OK, thanks, understood. A more complex spec than I'd thought!

From your separate thread 'Special "dual" pulse generator circuit
(follow up)', I see you're sorted, apart from one residual issue.

FWIW, simulating an opto-isolator fed with a 0-12V fast rise time
pulse via a 10k base resistor gave me much faster output rise times
than those you observed. With both models in its library, a 'generic'
and the OP4N25, CircuitMaker gave the following results (which square
with Chris's point about lowering the resistor value).

Rc Rise time
---- ---------
10k 300 us
1k 50 us

So I'd suspect some other cause. Is your circuit, or at least that
section, posted anywhere?

 

Thanks for your interest, Terry.

I just uploaded a scan of my circuit (thanks to Chris Foley) to:

http://sowell.ecs.fullerton.edu/jag/fuelingsys/tester111704.jpg

The diagram shows a 400/500 ohm resistor and an LED in the 2N3094 collector
circuit, in the path from pin 2 of the 4N32. At the moment the resistor is
a 5% 400 ohm, measuring about 380 ohms, and the LED has been removed.

BTW, what version of CircuitMaker are you using, student of full?

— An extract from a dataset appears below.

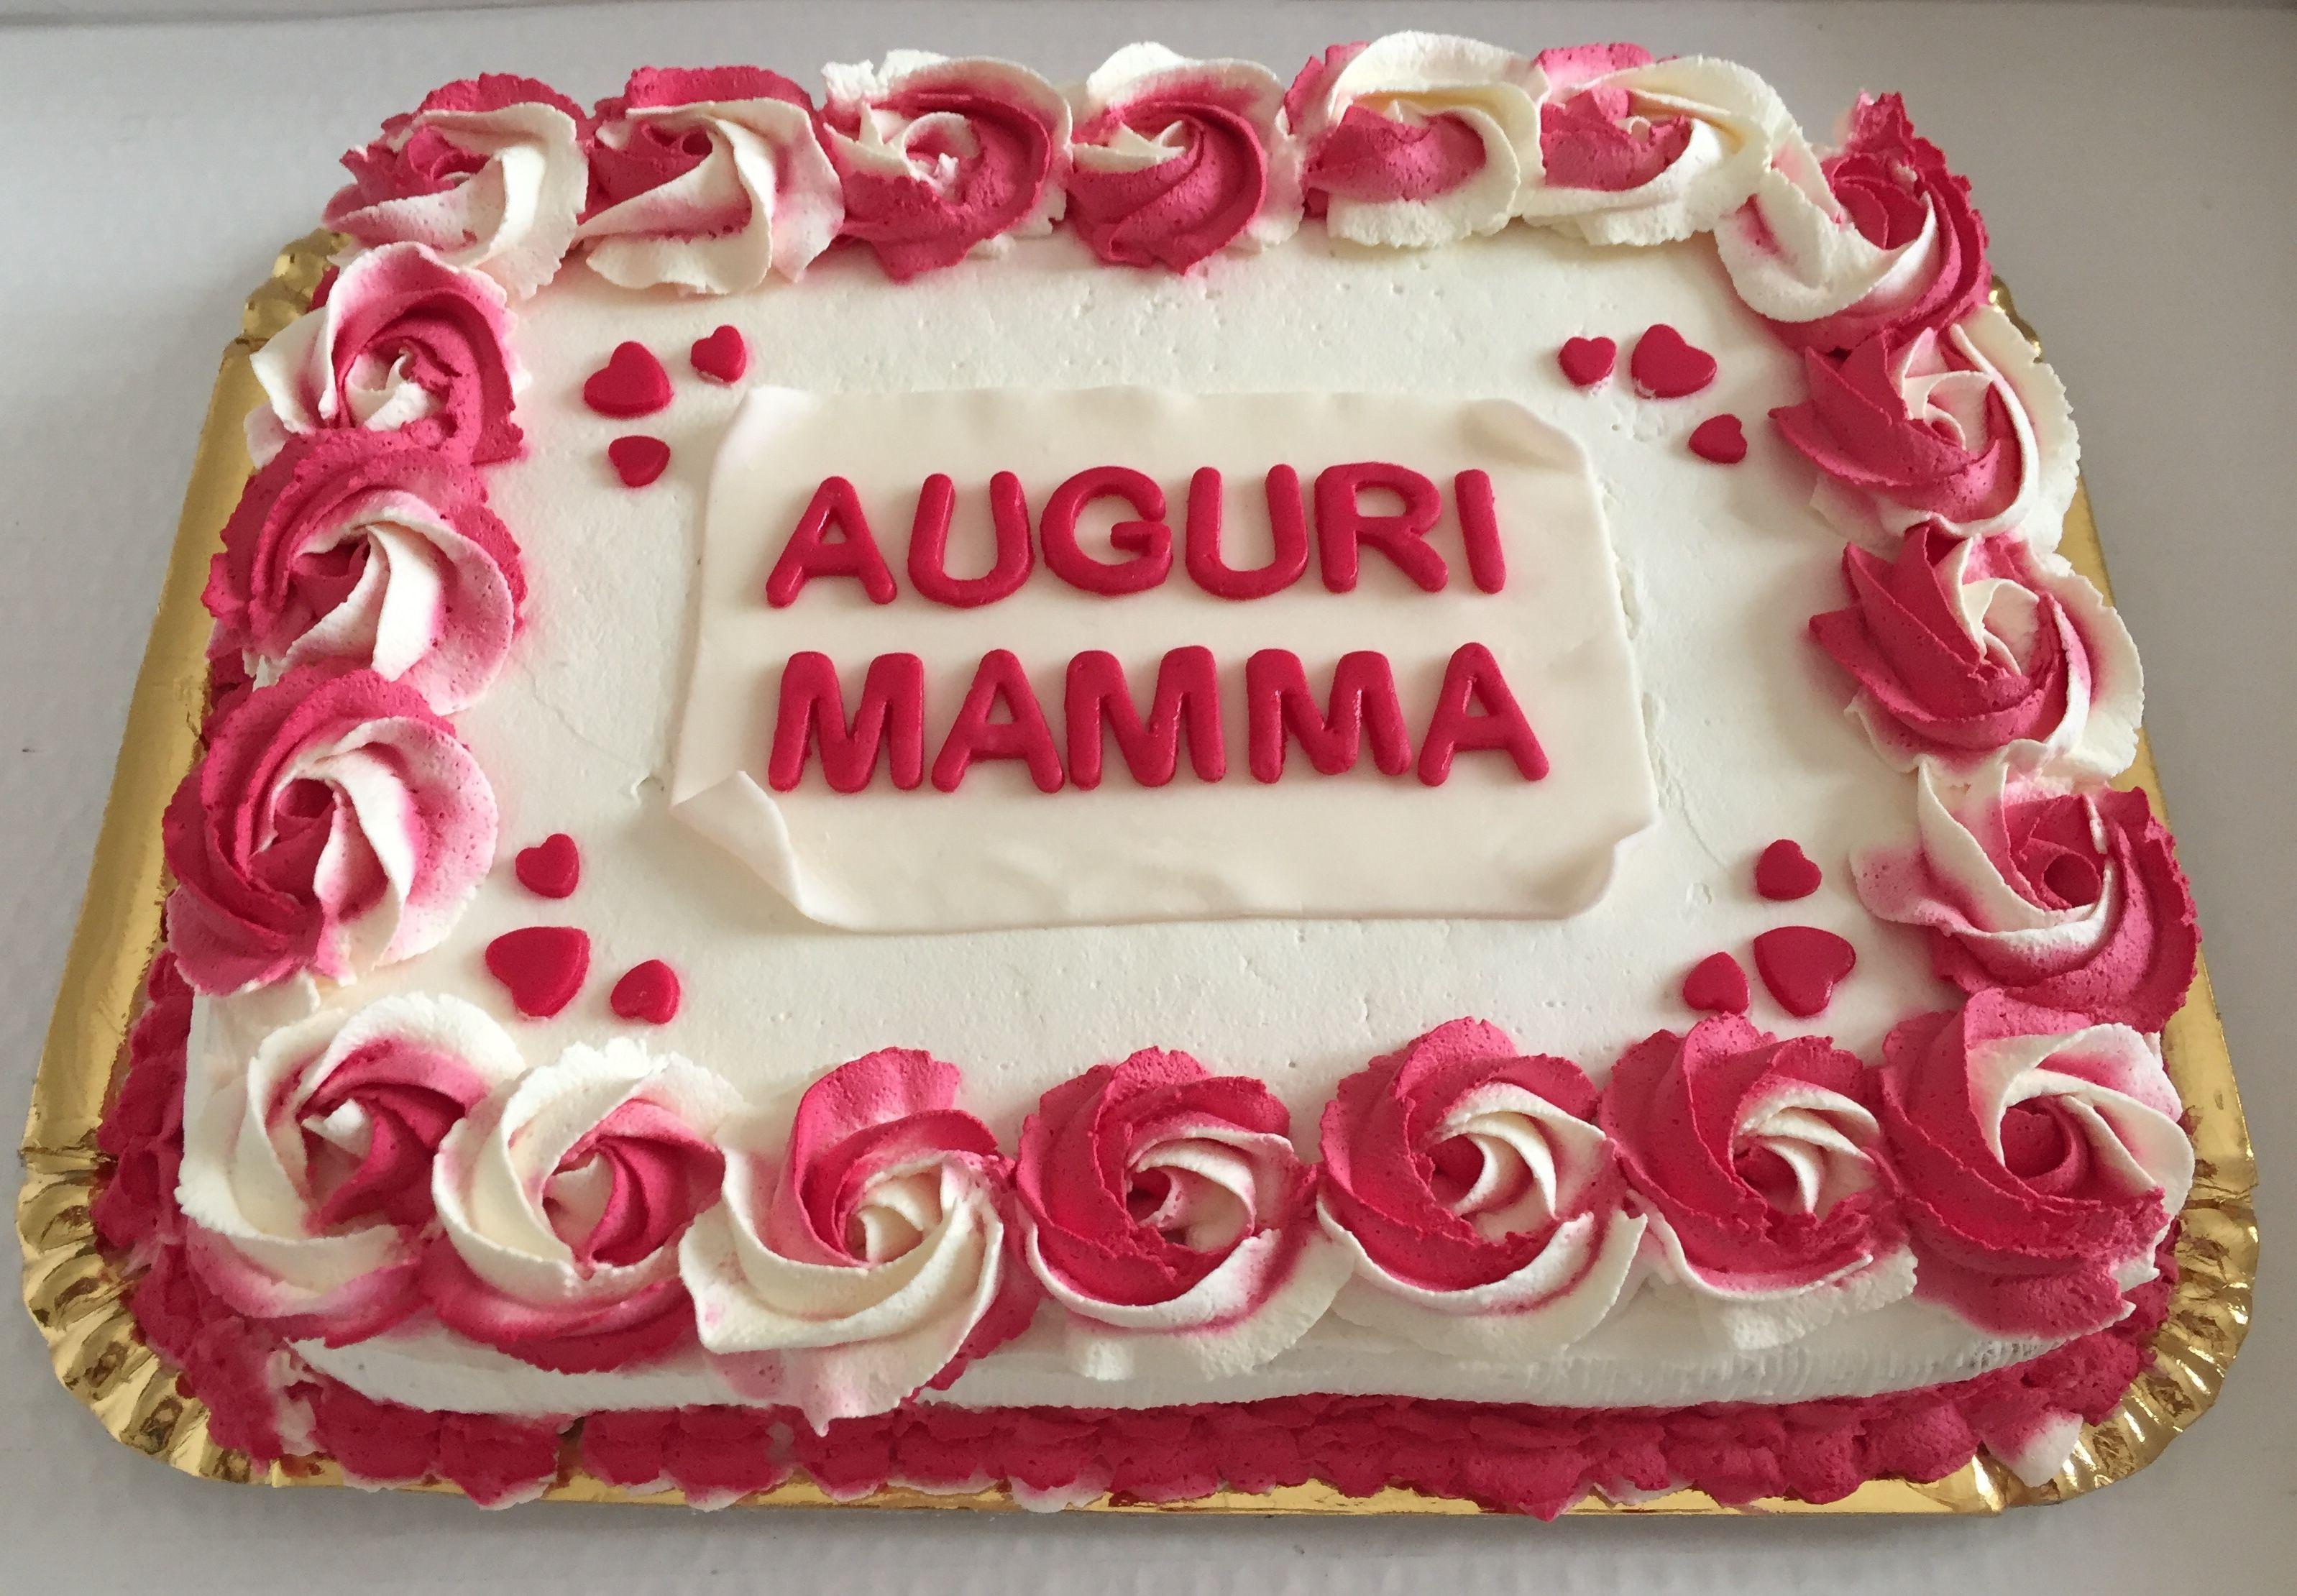 Foto Torta Compleanno Mamma.Torta Compleanno Mamma Con Rose Bicolore Torte Compleanno Mamma

The full
version is kind of pricy for someone not making their living in this stuff.


Ed

 

Robert,

Would a small capacitor in the input to the 4017 serfe as an "edge
detecter?"


TIA

Ed

 

Jag:

If you are worried about the length of the pulse coming out of the 4017,
you can use a capacitor and resistor to detect either a rising or
falling edge of the output.

To detect the rising edge, connect an output to the input of the next
stage through the cap, and use a resistor to ground on the far side of
the cap, as so:

.---------.
| |
| | C
| |
| | ||
| 4017 Qx|-----||--o---- Out
| | || |
| | |
| | |
| | \
| | / R
| | \
'---------' /
|
GND
created by Andy´s ASCII-Circuit v1.25.250804 www.tech-chat.de

Then, when without a transistion for a while, the output will be
grounded. When the Qx output goes from GND to 5V, however, the output
will momentarily go up to 5V, and then will decay back to ground
depending on the values of R, C, and the impedance of the output. The
voltage at Out will fall to about 37% of the input pulse in t = R*C.

When the 4017 output goes from 5V to 0V, the output will drop below GND.
However, you can add a diode from GND to Out to prevent this.

For a falling edge detector, you can use this (with the diode drawn in)


VCC o--o
| |
.---------. \ |
| | R / - Diode
| | \ ^
| | / |
| | || | |
| 4017 Qx|-----||--o--o- Out
| | ||
| | C
| |
| |
| | Pulse length is ~RC
| |
'---------'
created by Andy´s ASCII-Circuit v1.25.250804 www.tech-chat.de

For your problem, I'd say you can use the second circuit between your
4017, and the trigger input of a 555. It will generate a nice negative
pulse. Then, you can set the output pulse width using the forumlas given
in the 555 datasheet for the monostable configuration.

--
Regards,
Robert Monsen

"Your Highness, I have no need of this hypothesis."
- Pierre Laplace (1749-1827), to Napoleon,
on why his works on celestial mechanics make no mention of God.

 

No, you can't get it any shorter because the
transistor is holding the trigger (pin 2)
at a low level during the entire input time,
and the 555 output will not return low until the
trigger line goes back up.

If you use the capacitor, the transistor will
only turn on during the time it takes to charge
the capacitor, so you get a very short pulse at
pin 2 and the 555 output will end earlier determined
by the R and C parts at pin 6.

Try the capacitor to see what happens. You can
try different values of .1uF, .047uF, 0.01uF, etc.

There is also a mistake in the other post as John
Fields pointed out. The reset line (pin 4) will
reset the 555 output to a low state when it is
connected to ground. So it normally connects to
+V for the 555 to operate.

-Bill

 

Thanks again, Bill. Just out of curiosity, though, why does it work
when I simply connect pin 4 to the same voltage seen by pin 2? That
is, connected this way the output of the 555 can indeed be set shorter
than the pulse width at 2/4. Curious.

Ed